When I was a Little Cuban Boy by Richard Blanco
O Jose can you see…that’s how I sang it, when I was a cubanito in Miami, and America was some country in the glossy pages of my history book, someplace way north, everyone white, cold, perfect. This Land is my Land, so why didn’t I live there, in a brick house with a fireplace, a chimney with curlicues of smoke. I wanted to wear breeches and stockings to my chins, those black pilgrim shoes with shiny gold buckles. I wanted to eat yams with the Indians, shake hands with los negros, and dash through snow I’d never seen in a one-horse hope-n-say? I wanted to speak in British, say really smart stuff like fours core and seven years ago or one country under God, in the visible. I wanted to see that land with no palm trees, only the strange sounds of flowers like petunias, peonies, impatience, waiting to walk through a door someday, somewhere in God Bless America and say, Lucy, I’m home, honey. I’m home.

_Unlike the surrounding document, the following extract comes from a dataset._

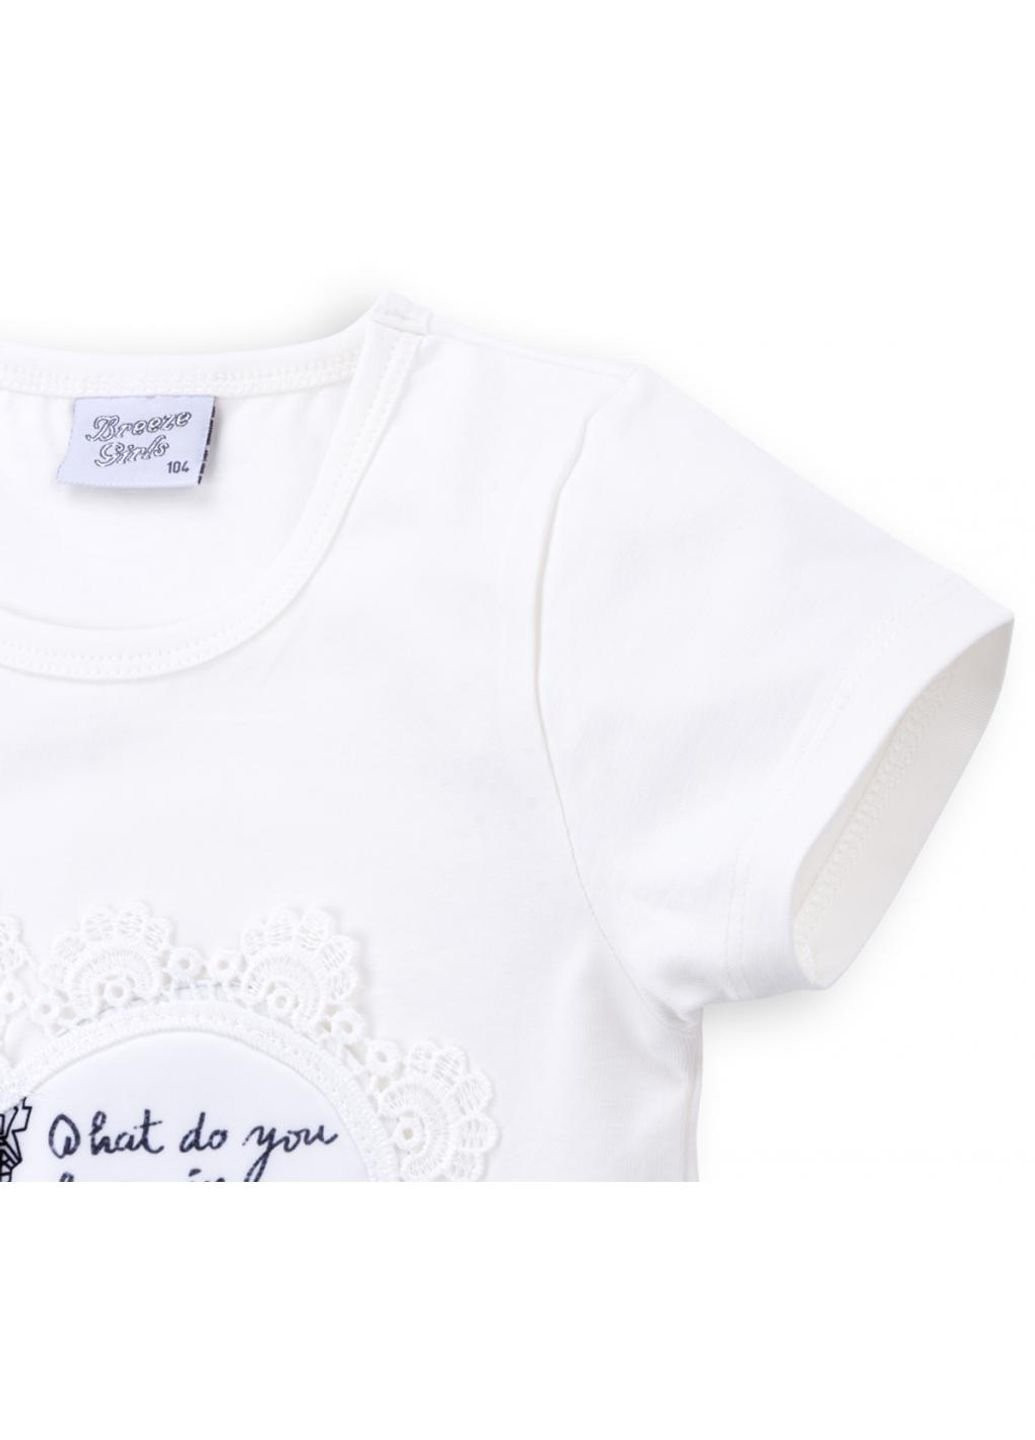 Біла демісезонна футболка дитяча з вежею (8326-128g-white) Breeze

Take Heart: A Conversation in Poetry is produced in collaboration with the Maine Writers & Publishers Alliance. Poem copyright © 2005 Richard Blanco. Reprinted from Directions to the Beach of the Dead, The University of Arizona Press, 2005, by permission of Richard Blanco. Questions about submitting to Take Heart may be directed to Gibson Fay-LeBlanc, Special Consultant to the Maine Poet Laureate, at mainepoetlaureate@gmail.com or 207-228-8263. Take Heart: Poems from Maine, an anthology collecting the first two years of this column, is now available from Down East Books.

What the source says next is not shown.